Bernice Fleischmann, here helping out at an Israeli food festival at Congregation Beth Israel, is being honored as a Woman of Valor by the synagogue’s sisterhood.
Photo by Elaine Durbach
March 27, 2008
Anyone involved with Jewish activities in the Central New Jersey community has seen Bernice Fleischmann. She’s the woman with the Lucille Ball looks and spirited attitude — a vivacious redhead with a ready friendliness, helping out, it seems, with just about everything the community undertakes.
Fleischmann, who lives in Edison, is active in the Jewish Federation of Central New Jersey, Jewish Family Service of Central NJ, the Westfield chapter of Hadassah, and at Congregation Beth Israel in Scotch Plains, among other organizations.
She is usually in a support role, rather than in the spotlight, but that won’t be the case on Saturday, March 29. The sisterhood at CBI, which she joined in 1965, will present her with its Ayshet Chayil, or Woman of Valor, Award.
Despite her preference for behind-the-scenes work, she admitted to being delighted. “It’s very exciting,” she said. “I’m thrilled.”

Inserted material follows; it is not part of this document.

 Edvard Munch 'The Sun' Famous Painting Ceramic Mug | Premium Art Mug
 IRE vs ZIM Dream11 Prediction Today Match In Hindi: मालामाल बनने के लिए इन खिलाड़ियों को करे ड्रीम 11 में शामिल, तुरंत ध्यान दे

Of all the contributions for which she is being honored, the most recent is her eight years as financial secretary of the sisterhood. Arlene Feller, the group’s president, said that alone has been very valuable. “I said I’d like to resign this year,” Fleischmann said, “but there was no one else to take it on, and I told them I wouldn’t leave them in the lurch.”
Most people come to community service through their parents, following the example they saw growing up. For Fleischmann it was different; her parents, as she put it, were “radicals,” open about their Judaism but totally non-practicing. But as a wife and mother, she made a very different choice.
Born and raised in Chicago, she met her husband, Peter, on a blind date there in 1947 and they got married three years later. He had come to the United States from Czechoslovakia just ahead of the Holocaust and, like her, had little Jewish education. As the young parents of two sons and a daughter, they were determined to do things differently. They joined Northwest Suburban Jewish Congregation in Morton Grove.
They moved to Scotch Plains in 1965 when their eldest son, Marc, was 12 and approaching the time for his bar mitzva (he lives now in Palo Alto, Calif.) and joined CBI, the local Conservative congregation. Their second son, Stuart, who lives in Scarsdale, NY, and their daughter, Robin, now living in Denver, would later celebrate becoming b’nei mitzva there. Their father followed his children’s example, also becoming bar mitzva — at the age of 63.
“Peter said he ‘needed somewhere to hang his hat,’ and I did too,” Fleischmann said. She joined the sisterhood at CBI. “It was a place that was mine.” She found friends and a way to do good, and a connection to the religion for herself and for her children that had been missing in her own youth.
She also joined Hadassah, where she later served as chapter president, and is still on the board. She became a member of the federation’s Women’s Division and serves on its board as well. And she joined JFS, where once a month she takes delight in helping to pack food parcels for needy families. “We have such a good time doing it,” she said.
Since retiring from her job as an office administrator in 2000, she has become increasingly involved in all those organizations. “I enjoy what I do,” she said simply. “It never feels like hard work, even when you’re peeling hard-boiled eggs or whatever. And each group is involved in different causes.” And all that is in addition to the traveling she and Peter love doing, belonging to book groups, and taking courses in art and music. Oh, and she has her weekly mah-jongg and canasta dates.
For now, though, the sisterhood is front and center. The cherry on top is that although the California contingent of the family can’t make it to the tribute dinner, her other son and her daughter have promised to come and share the excitement with their mom and dad.